→ What the task asks
Reproduce the whole listing exactly and let no picture into the copy.

→ Material provided
>>>>>

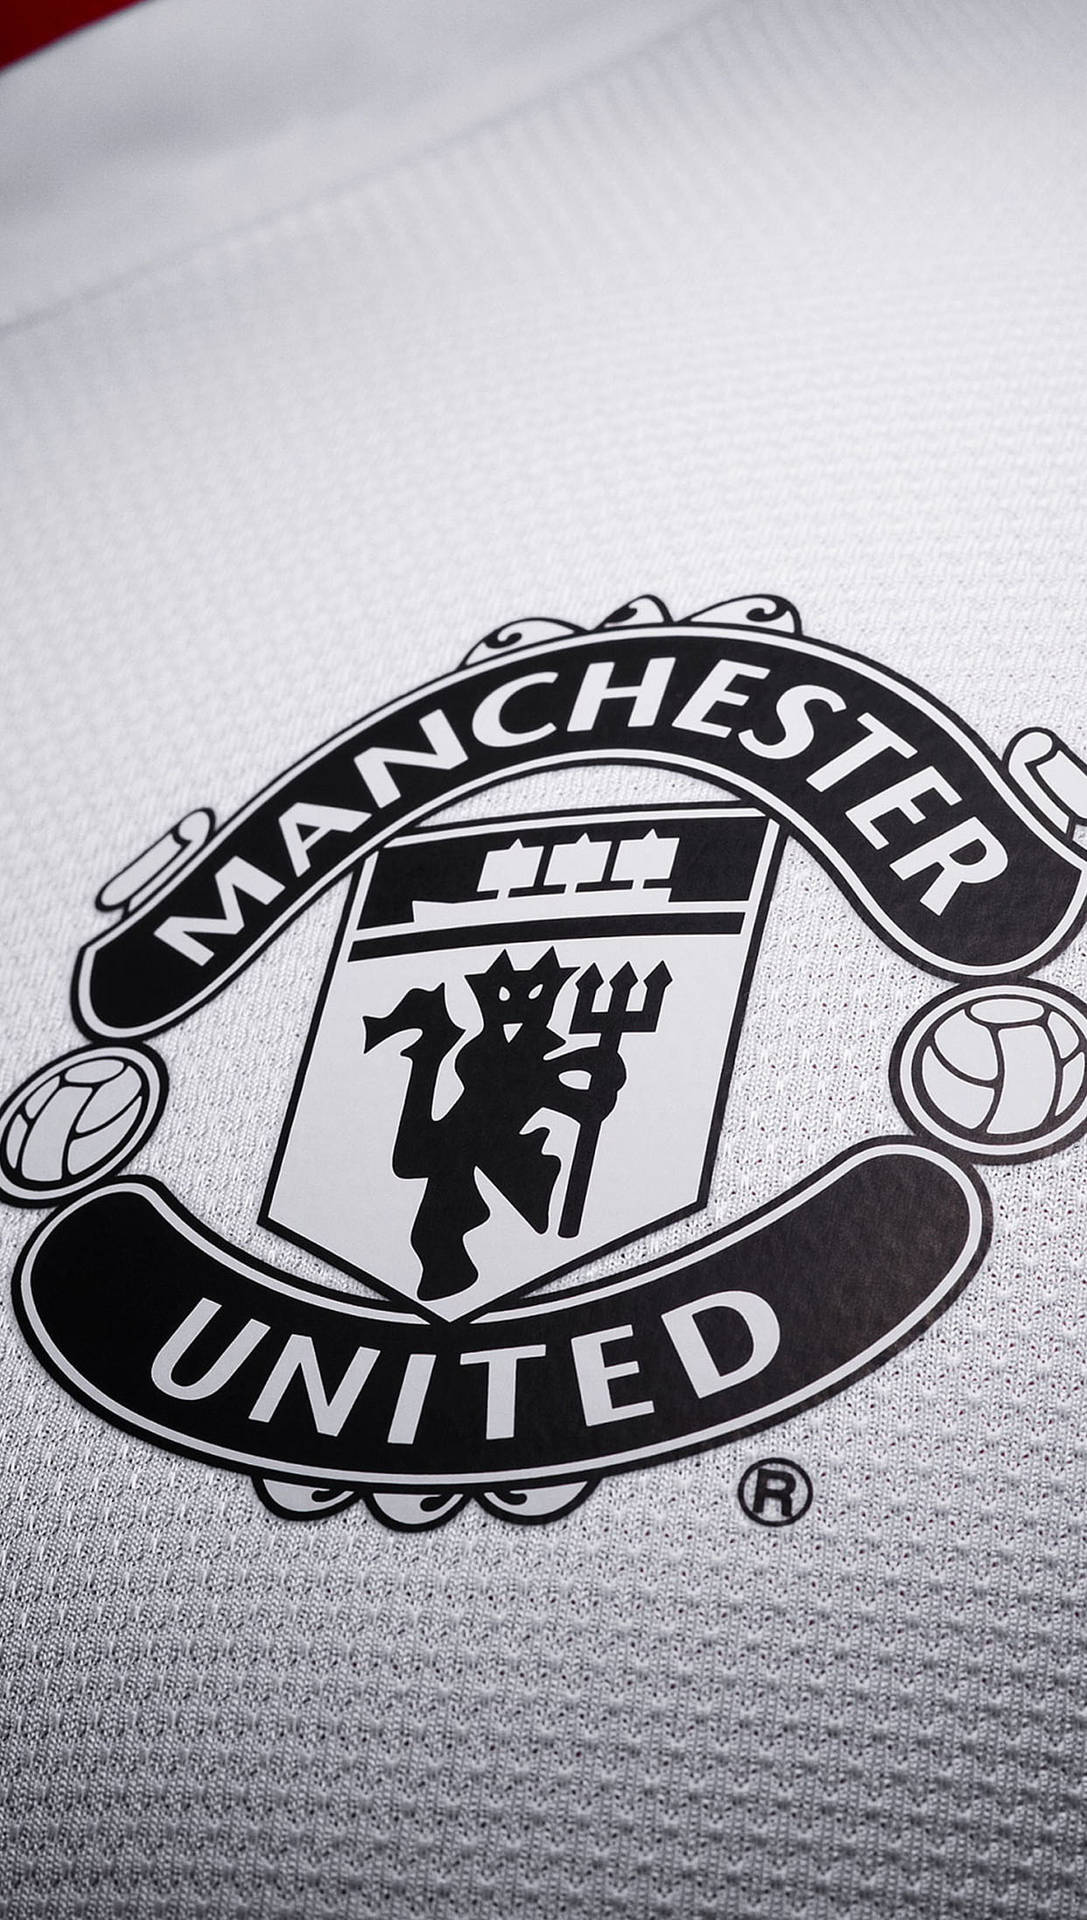 Shirt Design Of Manchester United Mobile Wallpaper
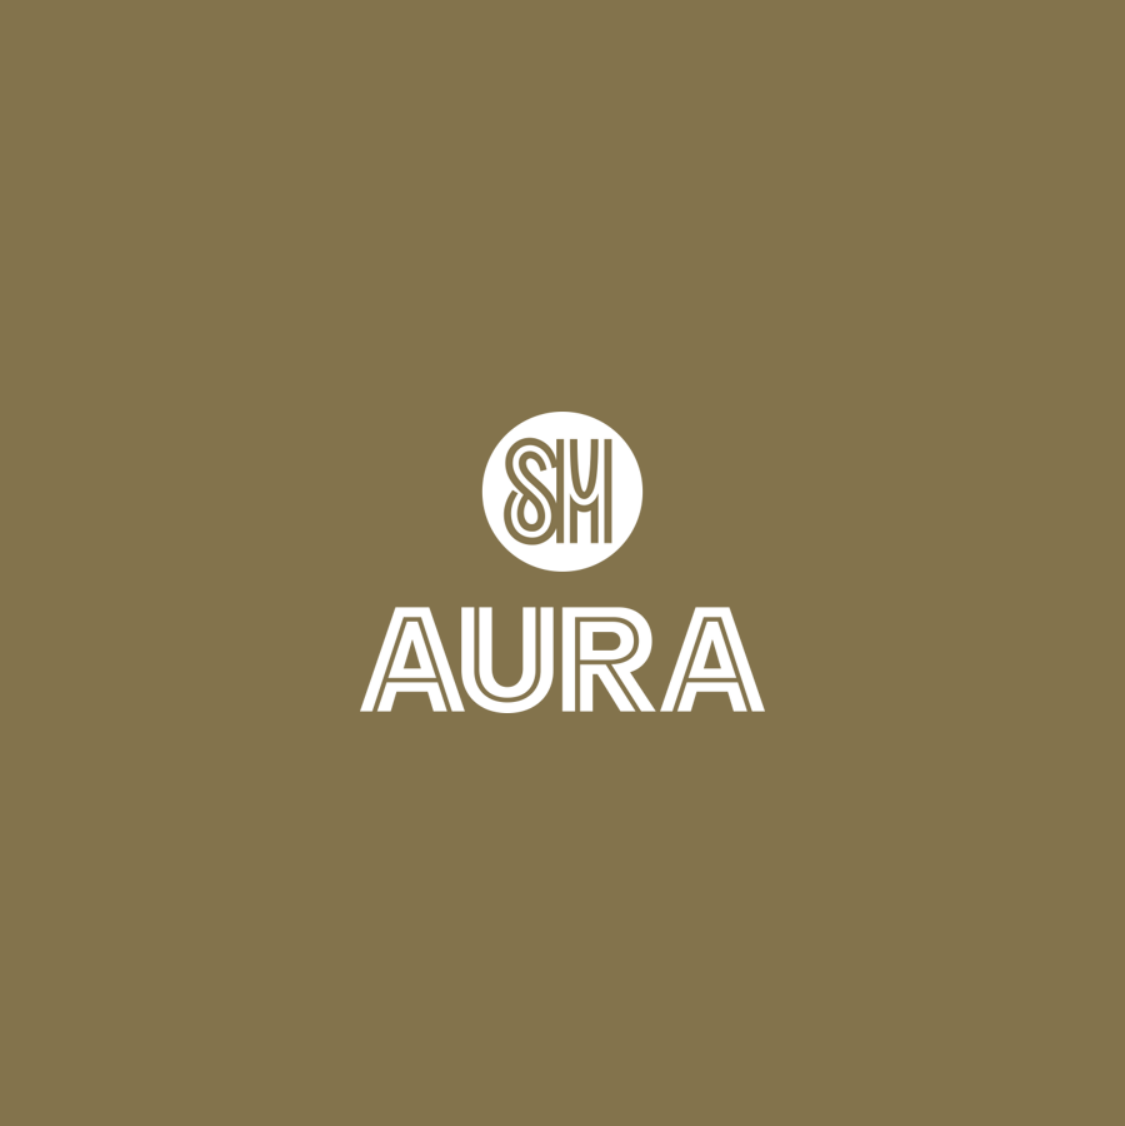 SM Aura Premier
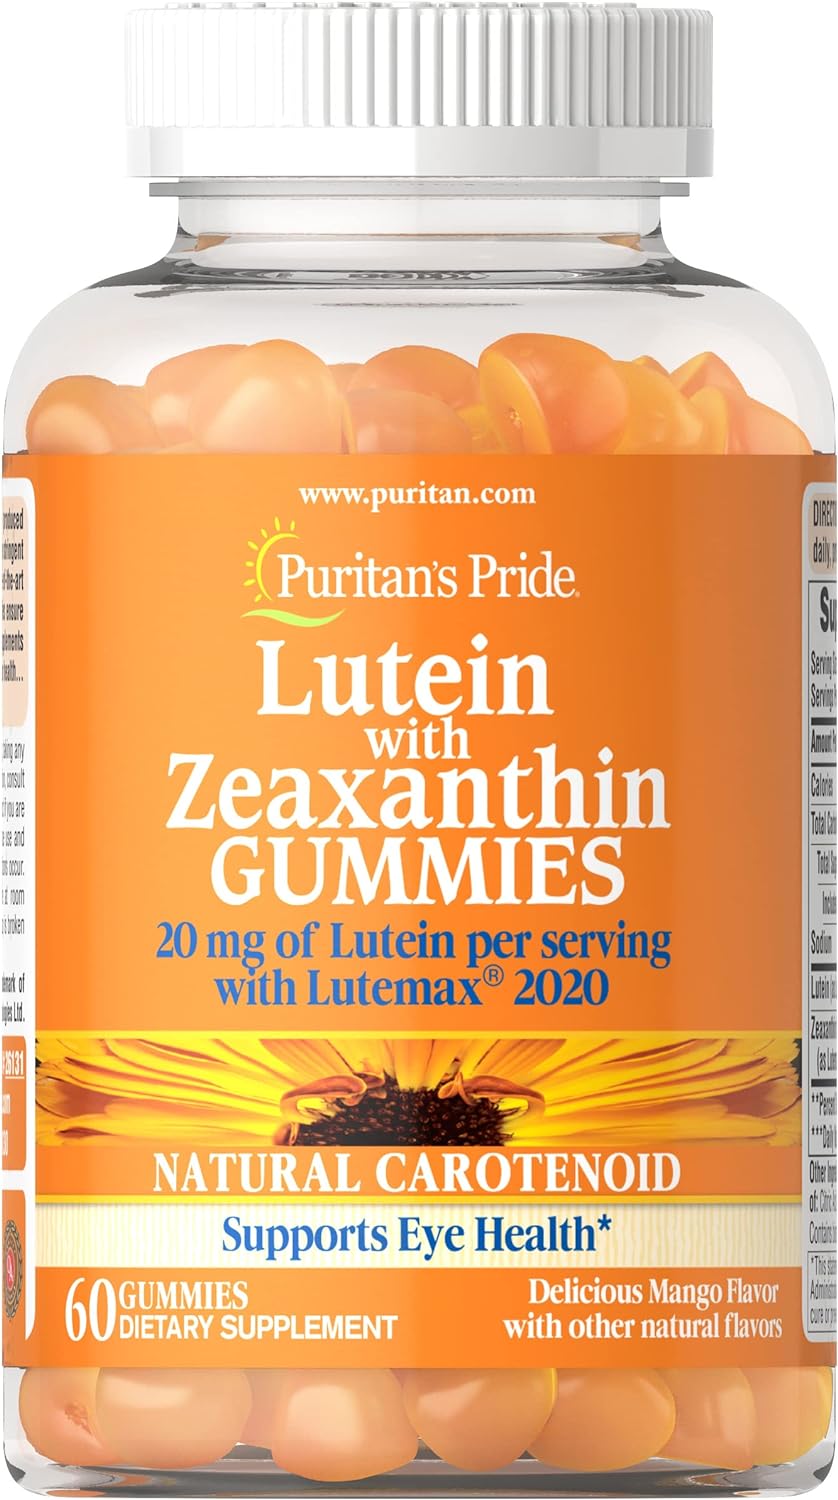 Puritan's Pride Lutein with Zeaxanthin Gummies, Supports Eye Health, 6

<<<<<

→ Output below
 Shirt Design Of Manchester United Mobile Wallpaper
 SM Aura Premier
 Puritan's Pride Lutein with Zeaxanthin Gummies, Supports Eye Health, 6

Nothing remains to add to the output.